ATLANTA — A new phase of the COVID-19 vaccine trial is starting at Emory.
Scientists are now asking for volunteers 56 and older. Researchers said it will help them better understand how the vaccine helps people who face a higher risk of complications.
The trial expands to an additional 30 volunteers 56 to 70 years old and 30 people who are 71 years and older.
Doctors said that since many older adults don't develop as strong of an immune response to vaccines, it's critically important to evaluate this vaccine in older people.
"They've already vaccinated several people in different age groups," Dr.

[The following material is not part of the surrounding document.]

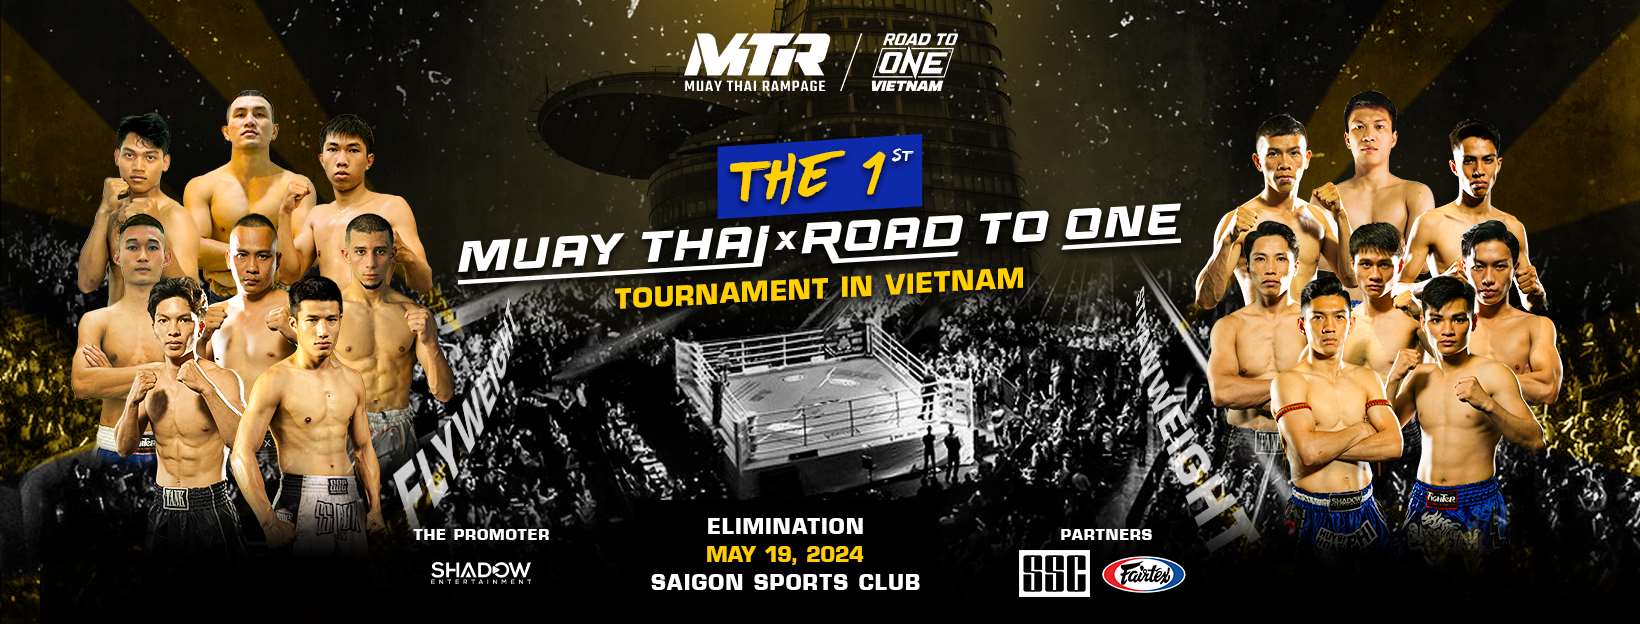 16 võ sĩ Muay Thai xuất sắc nhất tại Việt Nam sẽ tham dự giải đấu tuyển chọn để giành vé dự ONE Championship trong tương lai. Ảnh: SSC

Annesh Mehta said of Emory University said.
Phase One of the mRNA vaccine trial began on March 16. In it, 45 healthy volunteers ages 18 to 55 had been a part of it.
"And that data is now being evaluated to see if that vaccine can go on to phase two testing, which we're really hopeful that it will," Mehta said. "We'll get far more information on how well this vaccine works."
The search is now on for the 60 volunteers aged 56 and up to get the trial vaccine. Those patients would get a shot two times a year and research would follow them over the course of that year to see how effective it is.
Dr. Mehta said that, right now, COVID-19 research is an expansive effort.
"I think that's one of the great stories out of this, is that we see people from all universities, all hospitals, really working hard at every aspect of the COVID-19 response," he said. "And so, it's not only looking at vaccines and therapies, but we're also seeing our mental health colleges looking at the social and mental impact of this infection that's going on in communities."
He said doctors and scientists are looking at how to prevent this virus down the road and how to deal with it better in the future.
"It has truly been a remarkable response to be a part of," Mehta said.